**Problem requirements:** Go through the data below and gather each line containing "Blue".

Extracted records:
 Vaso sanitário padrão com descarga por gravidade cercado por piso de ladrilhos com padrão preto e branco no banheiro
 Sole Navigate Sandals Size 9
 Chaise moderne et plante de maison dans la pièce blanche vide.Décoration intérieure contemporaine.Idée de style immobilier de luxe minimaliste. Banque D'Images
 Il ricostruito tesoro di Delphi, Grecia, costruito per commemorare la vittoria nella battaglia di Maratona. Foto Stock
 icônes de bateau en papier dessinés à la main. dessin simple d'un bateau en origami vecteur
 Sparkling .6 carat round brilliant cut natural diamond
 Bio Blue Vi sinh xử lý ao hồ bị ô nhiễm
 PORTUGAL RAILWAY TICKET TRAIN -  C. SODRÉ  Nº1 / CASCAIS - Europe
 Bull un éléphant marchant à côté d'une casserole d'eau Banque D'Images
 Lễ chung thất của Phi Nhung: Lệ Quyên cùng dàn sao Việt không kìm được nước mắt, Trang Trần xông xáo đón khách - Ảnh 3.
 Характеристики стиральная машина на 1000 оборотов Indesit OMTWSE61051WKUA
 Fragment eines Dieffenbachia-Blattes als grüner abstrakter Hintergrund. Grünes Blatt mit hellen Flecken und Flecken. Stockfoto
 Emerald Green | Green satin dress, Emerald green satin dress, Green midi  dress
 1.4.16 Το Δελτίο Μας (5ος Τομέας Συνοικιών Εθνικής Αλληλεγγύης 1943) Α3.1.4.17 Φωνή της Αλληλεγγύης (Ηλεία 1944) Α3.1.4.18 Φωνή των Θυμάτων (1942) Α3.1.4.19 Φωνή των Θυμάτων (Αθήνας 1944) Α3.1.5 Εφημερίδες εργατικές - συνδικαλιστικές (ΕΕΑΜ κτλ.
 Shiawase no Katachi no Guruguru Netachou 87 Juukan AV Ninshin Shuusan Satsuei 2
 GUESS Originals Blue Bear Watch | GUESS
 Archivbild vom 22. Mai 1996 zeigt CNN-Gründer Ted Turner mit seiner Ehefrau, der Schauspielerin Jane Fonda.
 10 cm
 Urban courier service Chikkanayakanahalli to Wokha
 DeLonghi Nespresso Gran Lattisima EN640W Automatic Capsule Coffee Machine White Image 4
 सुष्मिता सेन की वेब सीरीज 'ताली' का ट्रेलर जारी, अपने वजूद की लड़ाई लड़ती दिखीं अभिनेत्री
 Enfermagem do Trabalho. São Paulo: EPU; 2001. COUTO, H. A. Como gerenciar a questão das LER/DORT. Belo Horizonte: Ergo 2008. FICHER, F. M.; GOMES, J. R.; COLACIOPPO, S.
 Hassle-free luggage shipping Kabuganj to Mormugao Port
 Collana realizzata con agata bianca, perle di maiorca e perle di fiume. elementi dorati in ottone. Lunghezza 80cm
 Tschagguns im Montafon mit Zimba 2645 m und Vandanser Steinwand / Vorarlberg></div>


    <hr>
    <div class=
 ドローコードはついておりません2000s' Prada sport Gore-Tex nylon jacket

**The answer:**
 Bio Blue Vi sinh xử lý ao hồ bị ô nhiễm
 GUESS Originals Blue Bear Watch | GUESS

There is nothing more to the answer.